Melissa Pyle, John Norrie, Matthias Schwannauer, David Kingdon, Andrew Gumley, Douglas Turkington, Rory Byrne, Suzy Syrett, Graeme MacLennan, Robert Dudley, Hamish J. McLeod, Helen Griffiths, Samantha Bowe, Thomas R. E. Barnes, Paul French, Paul Hutton, Linda Davies, Anthony P. Morrison

Abstract

For around a third of people with a diagnosis of schizophrenia, the condition proves to respond poorly to treatment with many typical and atypical antipsychotics. This is commonly referred to as treatment-resistant schizophrenia. Clozapine is the only antipsychotic with convincing efficacy for people whose symptoms are considered treatment-resistant to antipsychotic medication. However, 30-40 % of such conditions will have an insufficient response to the drug. Cognitive behavioural therapy has been shown to be an effective treatment for schizophrenia when delivered in combination with antipsychotic medication, with several meta-analyses showing robust support for this approach. However, the evidence for the effectiveness of cognitive behavioural therapy for people with a schizophrenia diagnosis whose symptoms are treatment-resistant to antipsychotic medication is limited. There is a clinical and economic need to evaluate treatments to improve outcomes for people with such conditions. A parallel group, prospective randomised, open, blinded evaluation of outcomes design will be used to compare a standardised cognitive behavioural therapy intervention added to treatment as usual versus treatment as usual alone (the comparator group) for individuals with a diagnosis of schizophrenia for whom an adequate trial of clozapine has either not been possible due to tolerability problems or was not associated with a sufficient therapeutic response. The trial will be conducted across five sites in the United Kingdom.
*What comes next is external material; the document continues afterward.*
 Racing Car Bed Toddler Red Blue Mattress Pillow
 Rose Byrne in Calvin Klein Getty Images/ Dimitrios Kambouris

The recruitment target of 485 was achieved, with a final recruitment total of 487. This trial is the largest definitive, pragmatic clinical and cost-effectiveness trial of cognitive behavioural therapy for people with schizophrenia whose symptoms have failed to show an adequate response to clozapine treatment. Using a prognostic risk model, baseline information will be used to explore whether there are identifiable subgroups for which the treatment effect is greatest. Current Controlled Trials ISRCTN99672552 . Registered 29(th) November 2012.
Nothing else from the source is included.